Half-truths, then. It had to be, to feel like this.

“Interesting.” He smiled, offering a hand for the man. He took it and they shook, the young Force wielder smiling in as friendly a way as possible for him. “I won’t press you, but thanks for satisfying my curiosity, Lieutenant.”

“Of course.” The soldier nodded, turning to board the ship when they released each other and calling over his shoulder, “We need to go, however. We have work to be doing, and Atlas only paid for your sword arms, not your words.”

Together, the team boarded the ship and stowed their full packs with the rest of the equipment, settling in for a trip. Not a long one, luckily, but he let meditative relaxation overtake him regardless to fight off the oncoming motion sickness.

XxX----XxX----XxX

“No, no, no! Bad animals, no.” Roman sighed, sauntering through the warehouse full of crates and masked Faunus, watching two of the White Fang soldiers manhandling a crate of Dust. Standing between them, he gripped their shoulders and smiled, meeting furious gazes through their masks and smiling wider for it, “You can’t handle these boxes like you do your mothers, come on now. You’ll blow us all sky high!”

“We understand, Torchwick.” The larger one said, ram horn on one side curling around the base of his skull. On his other side was nothing but a stump, clearly burnt off and enough to earn a distant pang of sympathy from the rogue. Snarling, the ram added, “Your woman was looking for you before.”

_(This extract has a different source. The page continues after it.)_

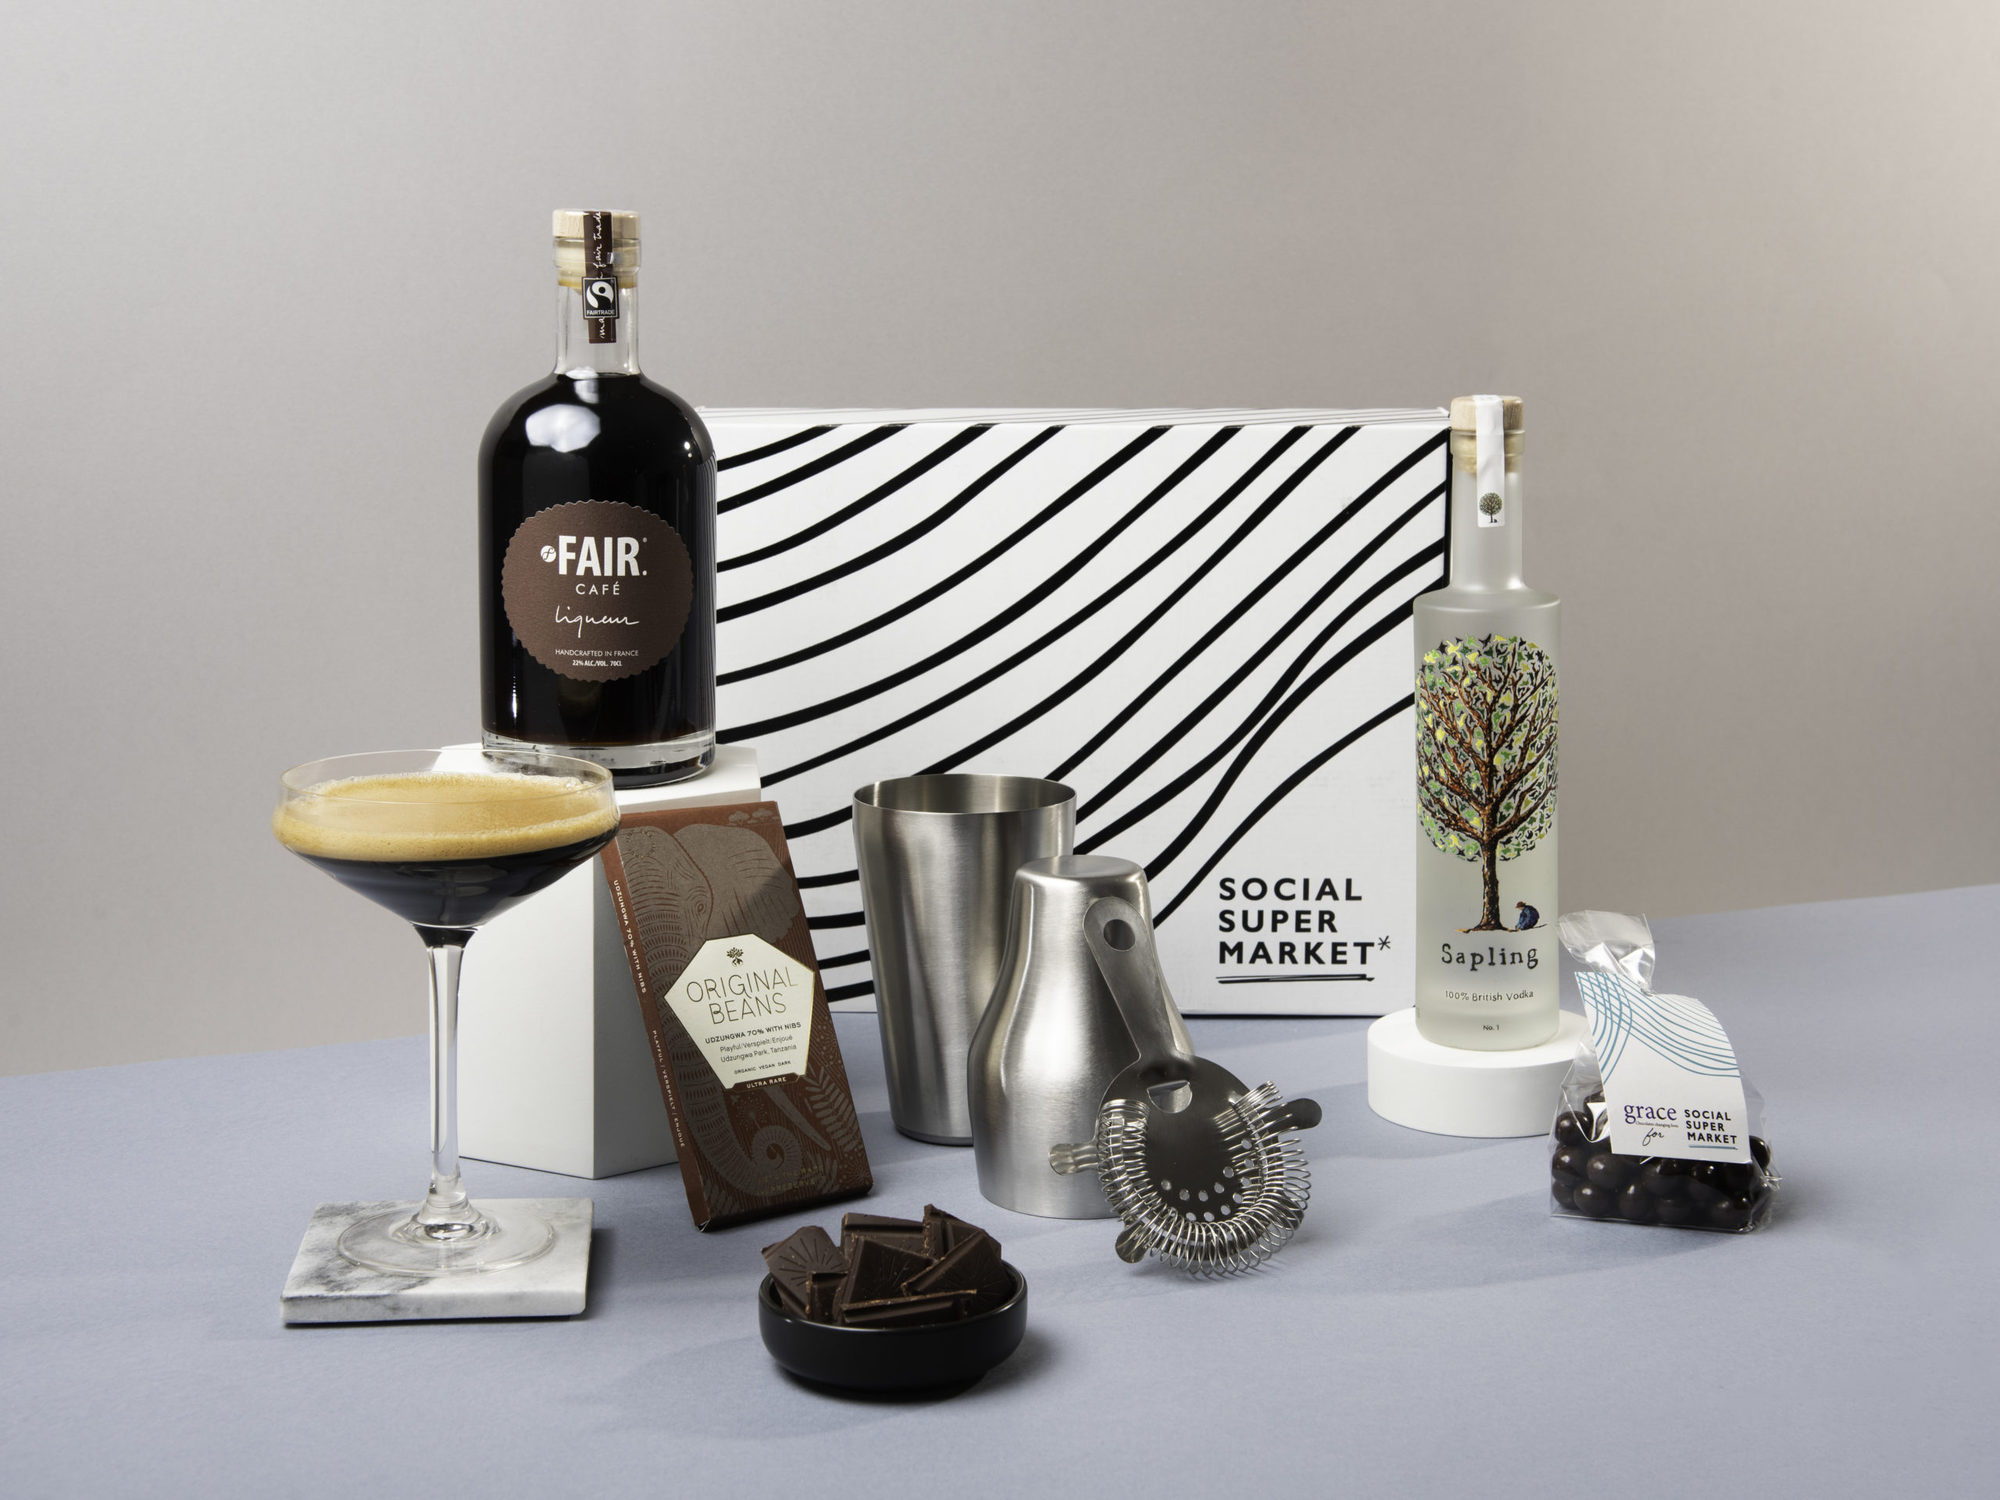 The New Year's Espresso Martini Gift Box (Pre-Order)
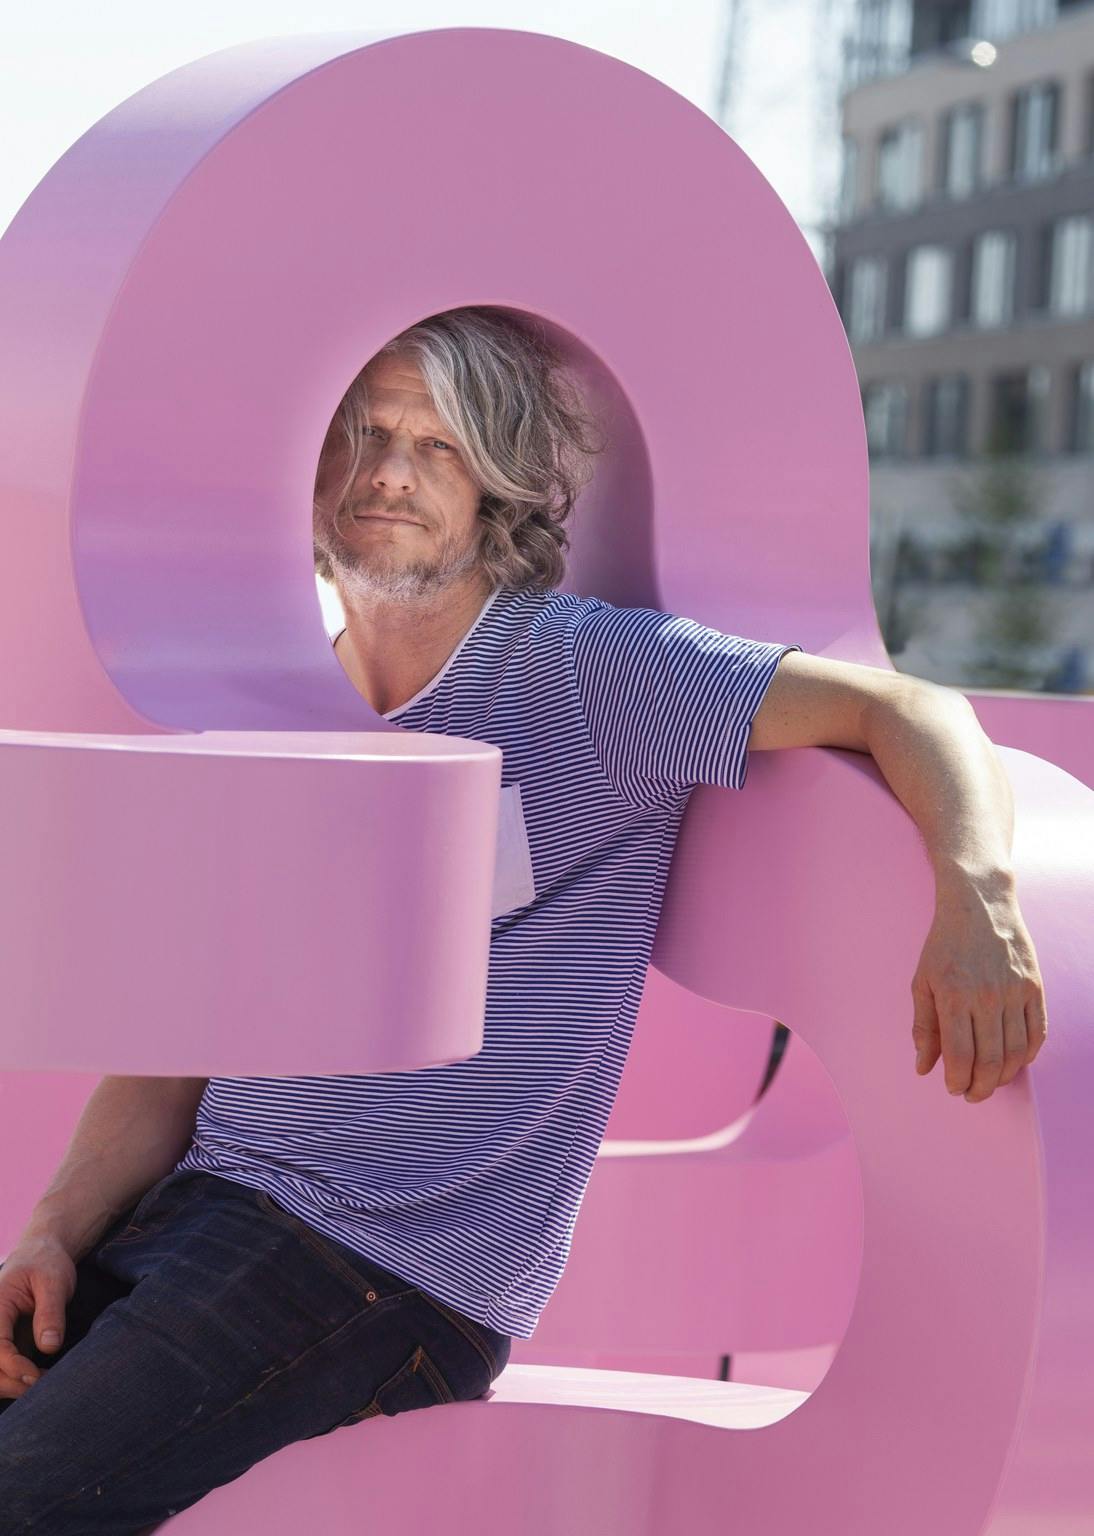 Jacob Dahlgren sat within his metal pink sculpture

“Neo?” No one was fool enough to call Cinder anyone’s woman, after all, so it was a formality to ask. That she felt the need to look for him rather than wait until he found her spoke of a problem, even if he’d been out of the Kingdom for a while. When the man nodded and hefted the crate, he asked, “Which way did she go?”

“That way.” The man grunted, gesturing off past several rows of high-stacked crates towards where Roman knew the offices for the warehouse were. “In a hurry, too.” She’s got some legs on her, for someone so small.”

“You can say that again.” The other Faunus murmured with a flick of his lion’s tail. Roman’s eyes narrowed and the man snorted, giving him a look through his mask. “They go all the way up too. Not bad for a Human, at least.”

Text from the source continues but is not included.